‘Banker’ has become something of a curse word in the British lexicon but it’s another ‘B word’ that Bank of America (BoA) is trying to stamp out. The US bank has told senior staff they can’t talk about Brexit in the run up to June’s referendum vote.
Last week it told managers ‘not to provide opinions, not to influence voters, not to assume a particular result and not to engage in campaigning,’ (but apart from that they're free to do what they like...) according to the FT, and it has also reversed a decision to donate around £100,000 to the Remain campaign, Britain Stronger in Europe. Although its advisers will surely still discuss the potential outcomes of such a move on clients' finances, the bank is clearly keen not to be seen to be taking a side.
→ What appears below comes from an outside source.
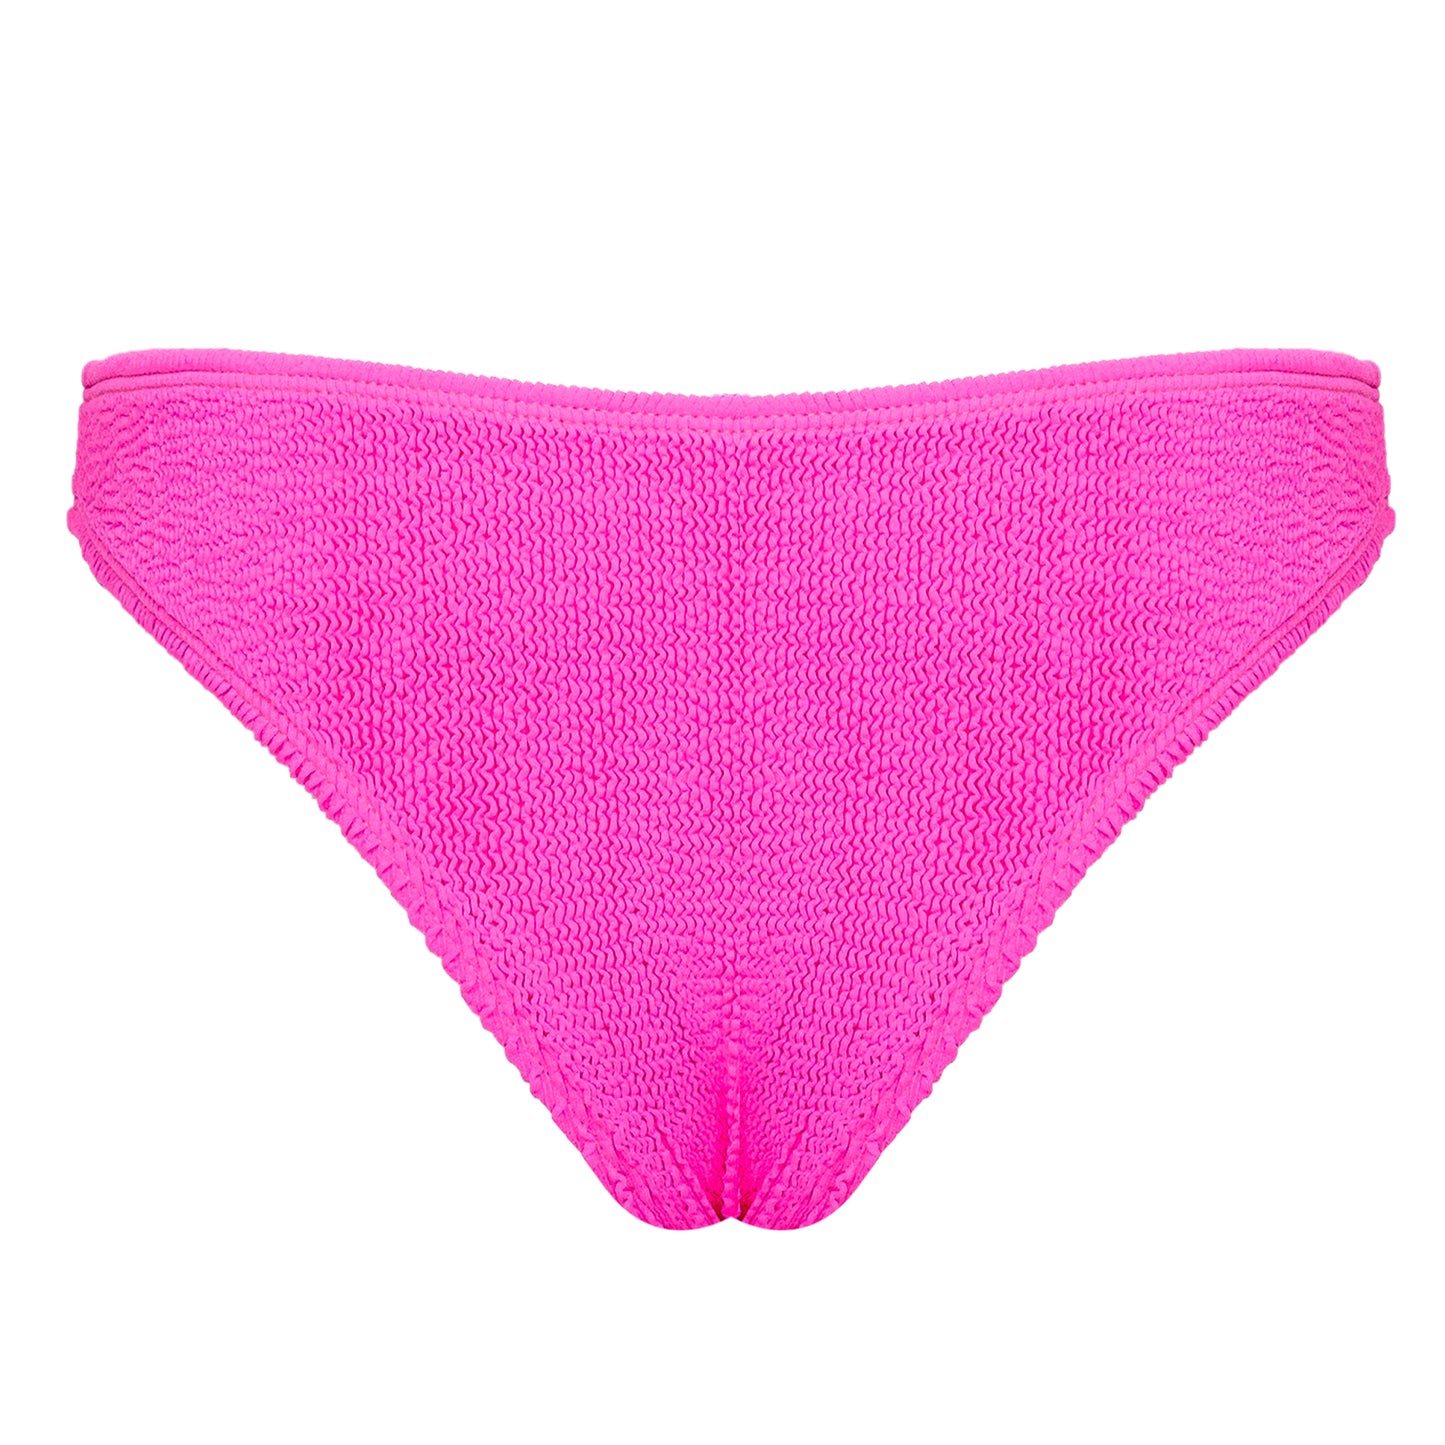 Barcelona Classic Bikini Cheeky Bottoms  Hot Pink
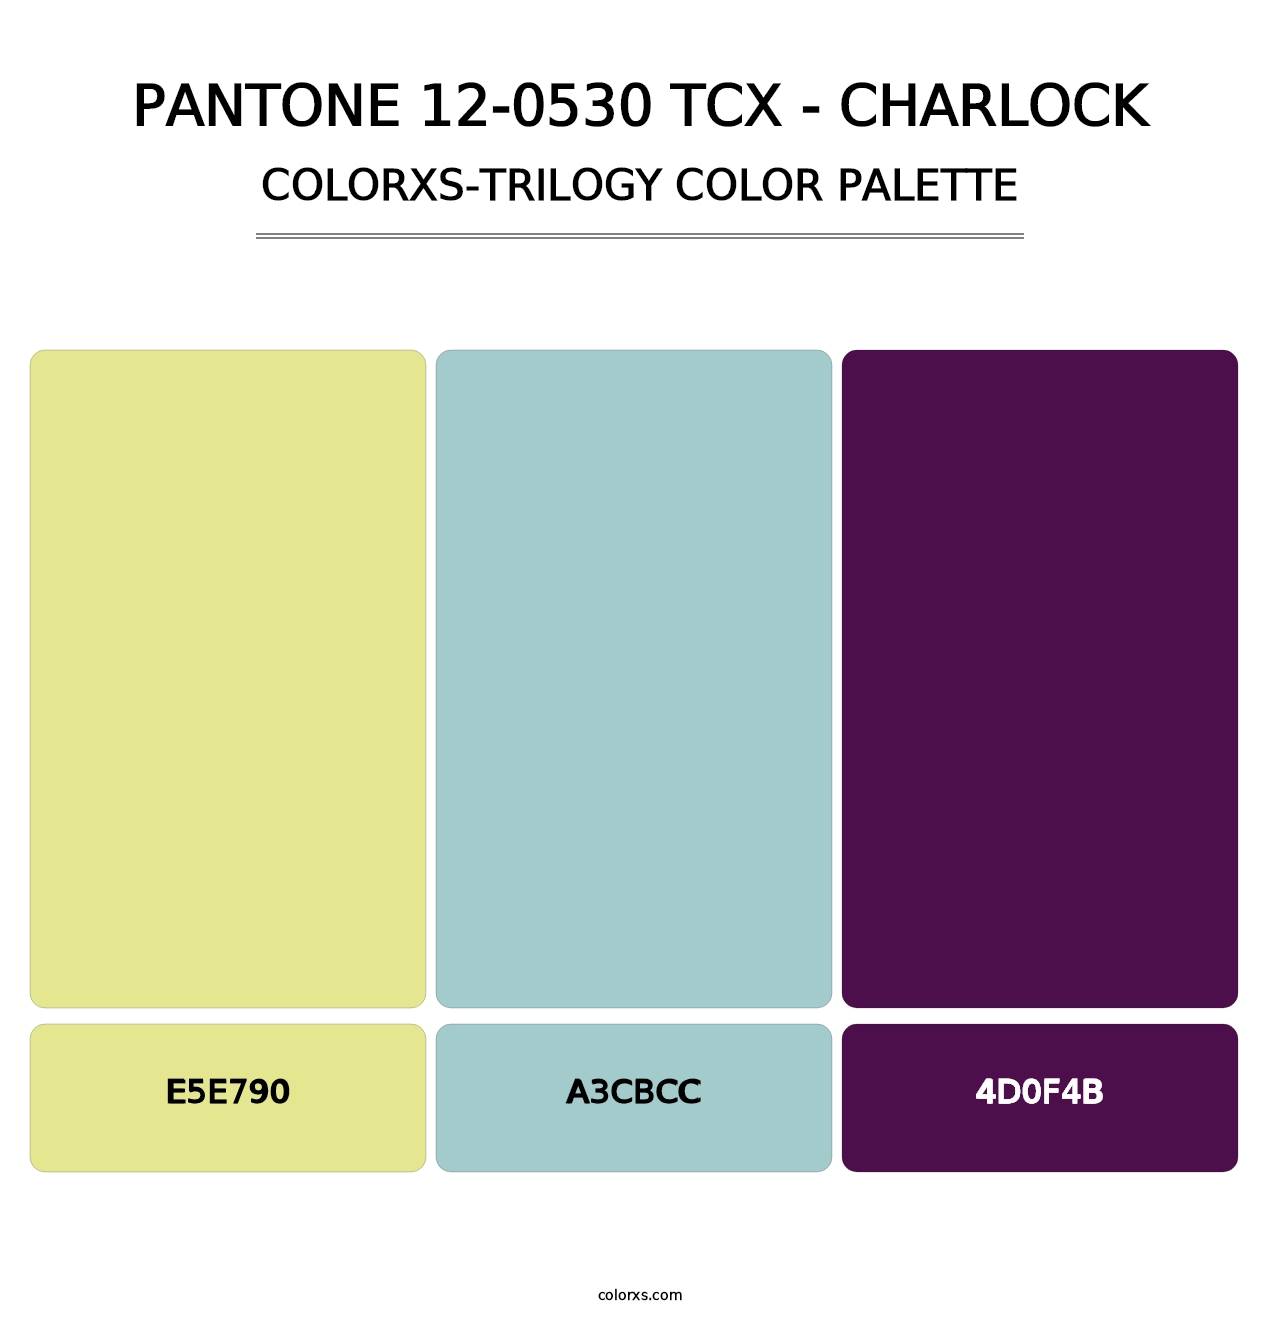 PANTONE 12-0530 TCX - Charlock - Colorxs Trilogy Palette

This mirrors a dilemma that has afflicted many boardrooms up and down the country. While many businesses are hoping for a particular outcome, getting political can be bad for a company’s brand. The issue could be particularly problematic for BoA, which will want to avoid looking like a foreign influence interfering with a democratic decision made by citizens of the UK (though that hasn’t stopped Goldman Sachs and other American banks getting stuck into the campaign).
It’s still not at all clear what Britain’s relationship with the EU would look like after a potential Brexit, but it comes with many risks. Though literal barriers are unlikely to spring up, figurative ones in the form of tariffs and regulations could make it significantly more difficult for UK-headquartered companies to do business across the continent.
It would be easy to decry BoA’s decision to remain neutral. Businesses have so much at stake in this debate and while it may be US-owned, the bank employs thousands in the UK (even if it’s not paying corporation tax at the moment...). But on the other hand, given their reputation in the UK, perhaps the best thing banks can do to prevent an out vote is to steer well clear.